Sono nato il 19 novembre 1956 a Trento, nella città dove ora vivo e lavoro. Dopo la maturità classica mi sono laureato a Bologna in filosofia e grazie a una borsa di studio ho potuto perfezionare la mia formazione a Trento, Innsbruck e Monaco. Per sette anni ho insegnato filosofia e storia nei licei. Dal 1991 al 2000 ho lavorato come ricercatore e poi come professore associato di Filosofia Politica all’Università di Padova prima di essere chiamato nel 2001 come professore ordinario all’Università di Trento dove insegno Filosofia Politica presso la Facoltà di Lettere e Filosofia e la Scuola di Studi Internazionali.
Nel corso della mia vita accademica ho trascorso periodi di ricerca presso diverse università europee (Cambridge, Exeter, St. Andrews, Cork, Freiburg i.B., Leuven) e ho insegnato alla Notre Dame University nell’Indiana (USA). Mi sono occupato di questioni di etica pubblica (in particolare di etica politica e sociale) e di teoria politica affrontando questioni come il rapporto tra la politica e il male e tra religione e politica. I miei lavori scientifici si trovano elencati sul mio sito presso l’università di Trento.
All’interno del mondo universitario ho avuto incarichi direttivi e di coordinamento di progetti di ricerca nazionali e internazionali. Uno di questi si chiama “Euroethos“: con altre 7 università partner in Europa abbiamo studiato come i diversi paesi accolgono nei loro ordinamenti le richieste di obiezione di coscienza e di esenzione dagli obblighi di legge sulla base di ragioni etiche e religiose.

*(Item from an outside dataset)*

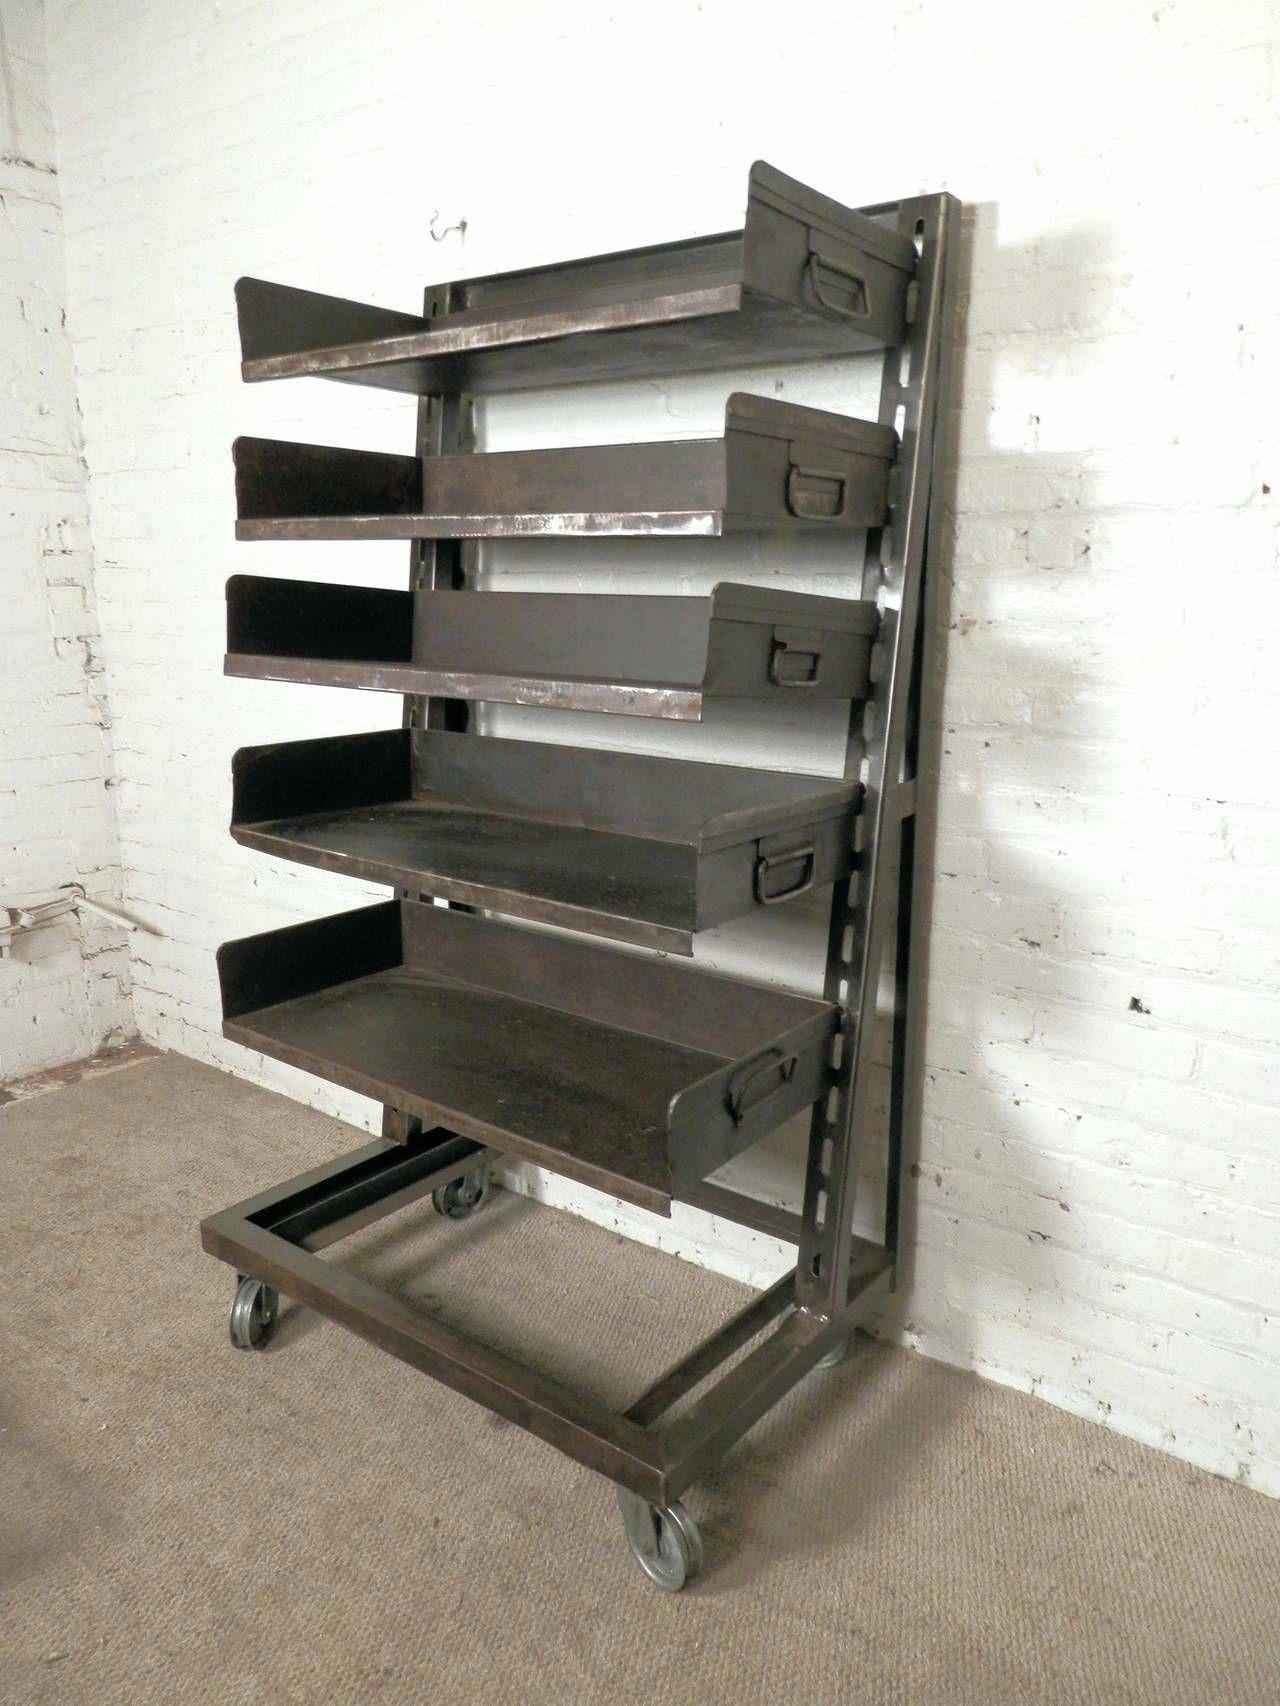 Best Of Rayonnage Castorama Metal Shelving Units Industrial Metal Shelving Decorating Shelves

Sono sposato e ho tre figli. Mia moglie, Maria Videsott, è insegnante di Musica e musicoterapista. Giovanni Jacopo ha 21 anni, Tommaso Filippo 18, Anna Elena 10.
Oltre agli impegni professionali e familiari ho sempre coltivato l’impegno civile sia a livello locale che nazionale. A Trento sono stato tra i fondatori del gruppo studentesco “Istanze di Base. Gruppo Milani”, della rivista e della casa editrice “Il margine”. A livello nazionale sono stato socio attivo della Lega Democratica e assieme a Paolo Giuntella ho contribuito a fondare la “Rosa Bianca” di cui sono stato anche Presidente Nazionale. Membro della Presidenza Nazionale della Fuci, ho fatto il Condirettore della rivista “Ricerca”. Ho sempre coltivato le attività di educazione e formazione anche come capo scout dell’Agesci e come formatore in numerosissime occasioni regionali e nazionali. Come appassionato di montagna sono socio della SAT, sezione del Club Alpino Italiano.
Sono tra i fondatori dell’Associazione per il Partito Democratico di Trento e quando è nato il Partito Democratico sono stato eletto membro dell’Assemblea Costituente Nazionale.

Sito personale

Le risposte di Michele Nicoletti alle nostre domande:

Europa e Integrazione europea

1) Secondo lei, l’obiettivo dell’Europa deve essere la creazione di uno Stato Federale Europeo? Lei è favorevole a questa prospettiva in tempi brevi?

Nel corso del suo cammino l’Unione europea ha dato vita a una struttura economica e politica del tutto nuova e originale rispetto alle forme di Stato tradizionali, ivi compresa la forma di Stato federale. A questa costruzione guardano con interesse altre regioni del mondo e questa originalità, a mio parere, va coltivata e sviluppata. L’idea di uno Stato federale europeo che i federalisti europei hanno sognato è stato uno straordinario motore di unificazione e certamente dobbiamo andare nella direzione di una più stretta unione politica, ma non è detto che la forma di Stato federale (nel senso in cui questa si è realizzata nell’età degli Stati nazionali ad esempio in Germania) possa essere quella che meglio esprime questa originalità e quella che con maggior forza è in grado di affascinare popoli e governi. La fortissima integrazione politica dell’Europa di cui abbiamo bisogno deve passare attraverso la volontà dei cittadini. Sarebbe strano che un partito “democratico” non si preoccupasse del tasso di democraticità delle istituzioni politiche a qualsiasi livello.Per questo dobbiamo lavorare intensamente per rendere consapevoli i cittadini che i problemi più gravi che ci affliggono oggi, dalla crisi finanziaria a quella economica, dalla disoccupazione ai rischi di cambiamenti climatici, dalla sicurezza all’energia, possono essere risolti soltanto attraverso una più forte unità politica europea e una collaborazione a livello mondiale. Se la “forma” di questa unità dovesse spaventare i cittadini e indurli a ritrarsi nel loro egoismo nazionale, avremmo fallito il nostro obiettivo. Se invece realizzeremo una sempre maggiore unità politica europea attraverso processi di democrazia autentica, avremo realizzato non solo qualcosa di buono per l’Europa, ma un esperimento utile anche per altre regioni del mondo. E penso che anche i federalisti europei ne sarebbero contenti.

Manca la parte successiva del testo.